A chorioangioma is a benign tumor made up of too many blood vessels that form in the placenta. These vessels may be connected to the baby via the umbilical cord. Although development of a chorioangioma during pregnancy is not uncommon, large chorioangiomas are rare.
- What is Chorioangioma?
A chorioangioma is a benign tumor made up of too many blood vessels that form in the placenta. These vessels may be connected to the baby via the umbilical cord. Although development of a chorioangioma during pregnancy is not uncommon, large chorioangiomas are rare. Larger masses can be associated with pregnancy complications, including:
- Maternal and fetal clotting problems
- Intrauterine growth restriction
- Premature delivery
- Fetal heart failure
- Hydrops (excess fluid) affecting the fetus
A chorioangioma is thought to arise as a malformation of the tissue of the placenta. As it grows, the tumor acts as a shunt between fetal arteries and veins leading to progressive heart failure in the baby if the condition is left undetected.
- Prenatal Diagnosis of a Chorioangioma
Chorioangiomas tend to occur on the fetal side of the placenta, close to the umbilical cord insertion, and protrude into the amniotic cavity. One may be detected after a routine blood test shows abnormally high alpha fetoprotein levels in the mother’s blood. High-definition ultrasound technology may also detect a mass.
To better assess the pattern of blood flow within the tumor and determine the extent of any blood flow restrictions, our physicians may perform a non-invasive Doppler umbilical study as well. A large chorioangioma may present with an unusually decreased blood flow on color Doppler images.
- How We Treat Chorioangioma
Most pregnancies with a chorioangioma do not require immediate treatment while the baby is in the womb. Because many of the tumors are asymptomatic, they may be monitored throughout a woman’s pregnancy using ultrasound.
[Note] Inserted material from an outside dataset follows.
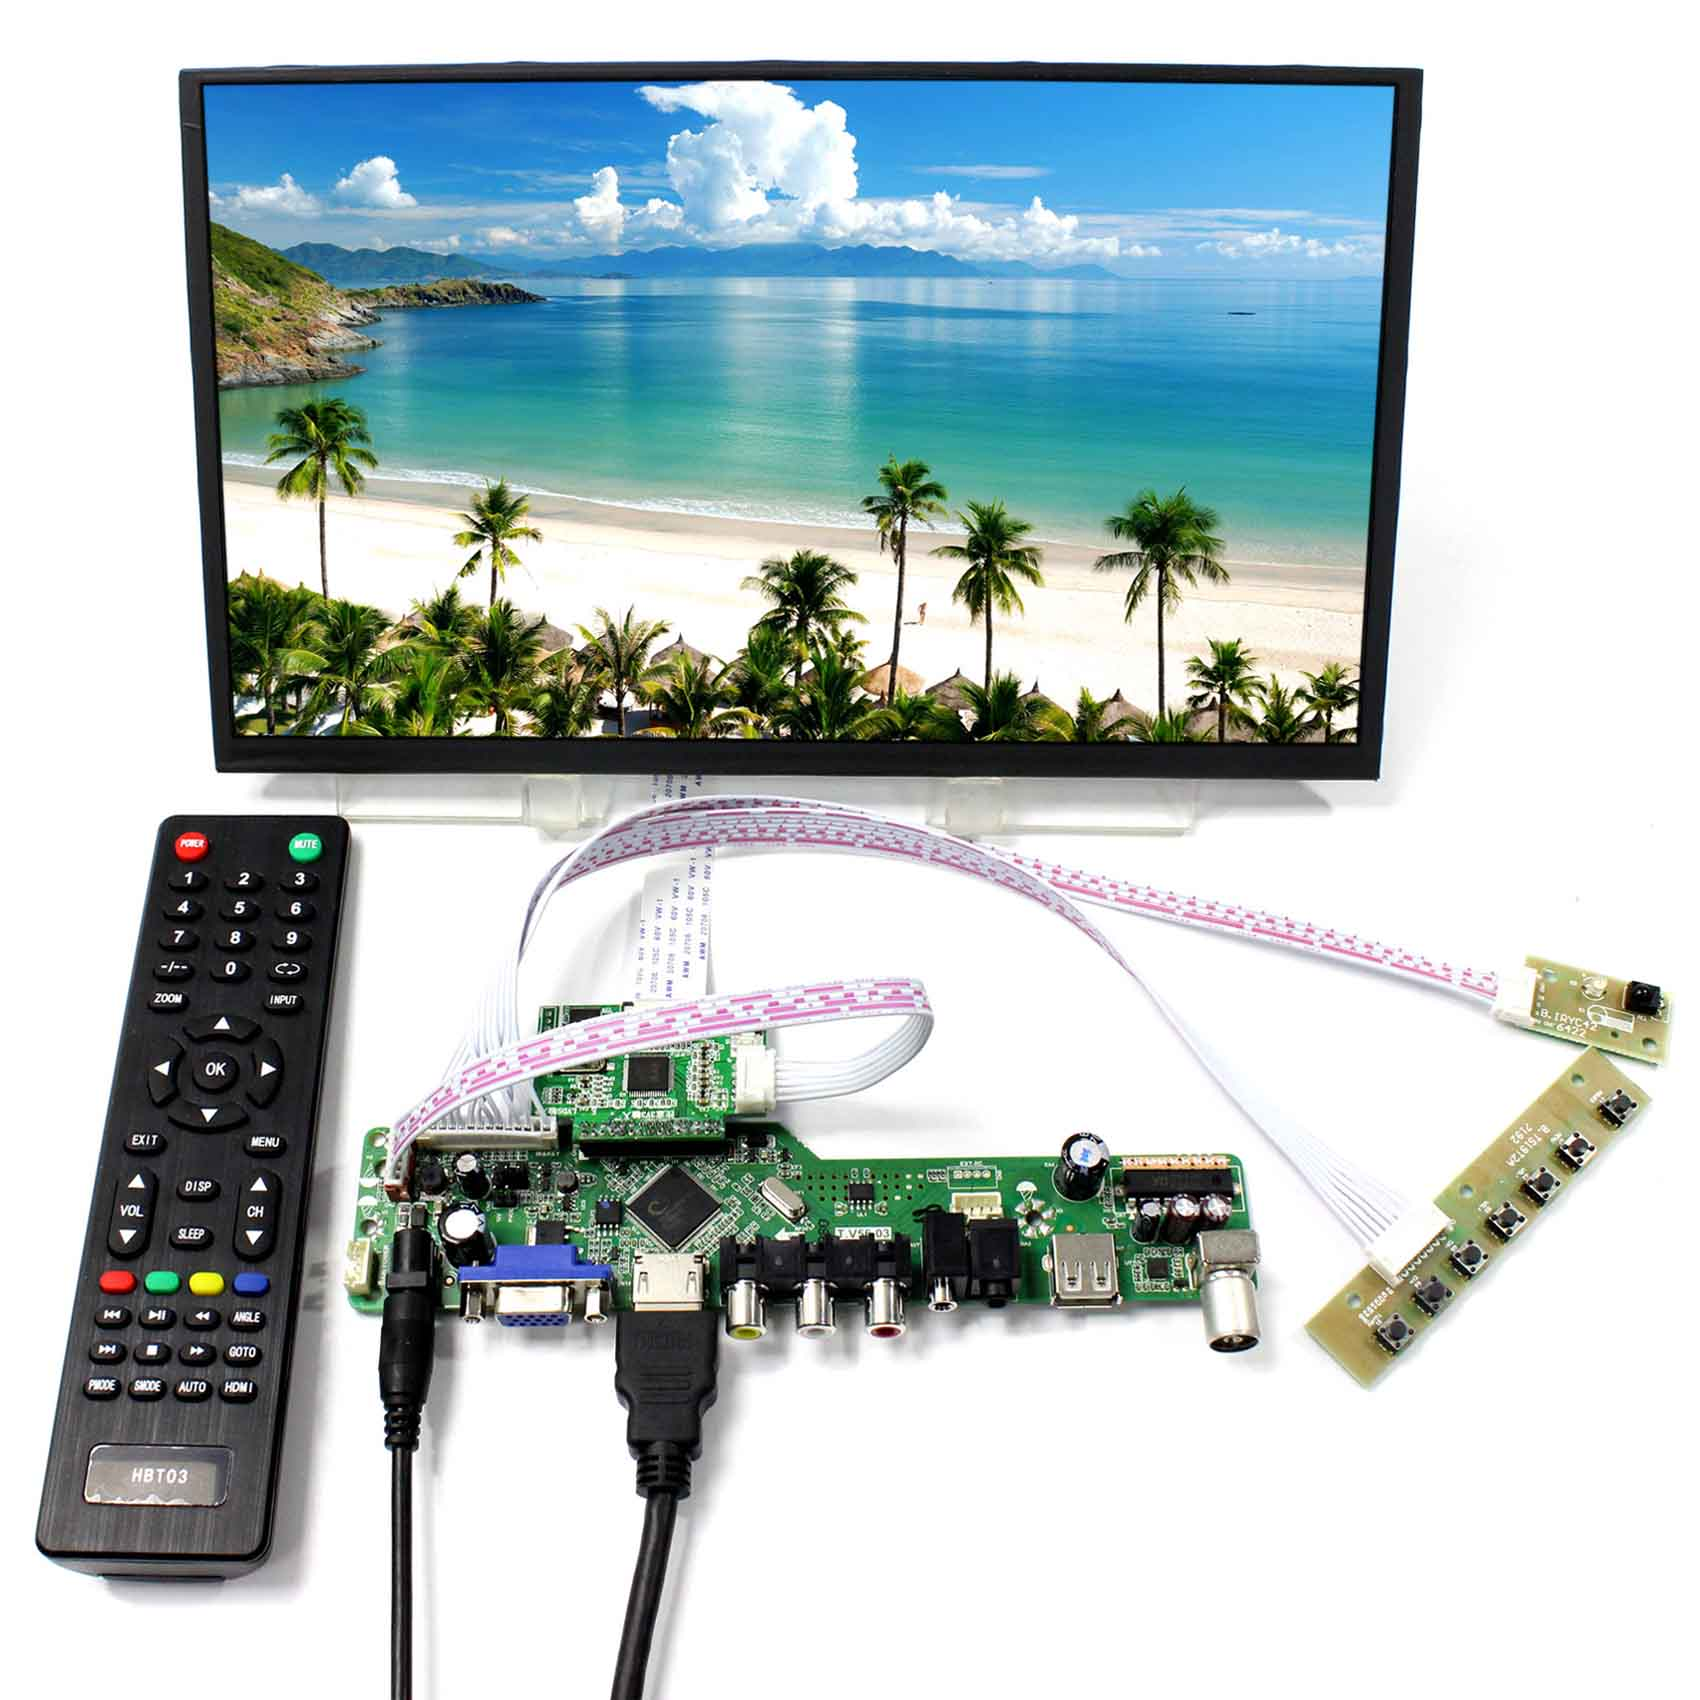 11.6 1920X1080 Resolution M116X40 HDMI VGA CVBS RF USB LCD Driver Board hdmi vga cvbs audio usb driver board n101icg hsd101pww 10 1 1280 800 ips lcd

Some chorioangiomas may even diminish on their own during the course of pregnancy. In rare cases of large chorioangiomas (defined as larger than 4 centimeters), the baby may need faster treatment.
The maternal fetal medicine physicians and surgeons of Fetal Care Center Dallas are skilled to provide a number of treatment approaches to address a chorioangioma.
This may be necessary if there is ultrasound evidence that your baby has anemia (low red blood cell count). Platelet transfusion may also be necessary. Intrauterine transfusion involves transfusing blood through a needle inserted through your abdomen and uterus and into your baby’s umbilical cord to treat the anemia while your baby is still in utero. The procedure is performed under ultrasound guidance for precise insertion.
Amnioreduction is a procedure in which a needle is inserted into the amniotic cavity using ultrasound guidance to remove excess fluid with the purpose of decompressing the womb to prevent preterm delivery. This procedure may be necessary if the excess amniotic fluid causes preterm contractions and/or a shortened cervix.
Surgical Fetoscopy and Laser Ablation
A minimally invasive fetoscopic procedure may be performed under ultrasound guidance to aid in laser closure of the vessels feeding the tumor. The abnormal blood vessels are sealed and prevented from further enlarging and causing blood-flow restrictions.
- Outlook for Babies with Chorioangioma
The overall prognosis for babies diagnosed with chorioangiomas is somewhat dependent on the presence or development of hydrops. In general, small tumors are considered to have little effect on fetuses and subsequent newborns.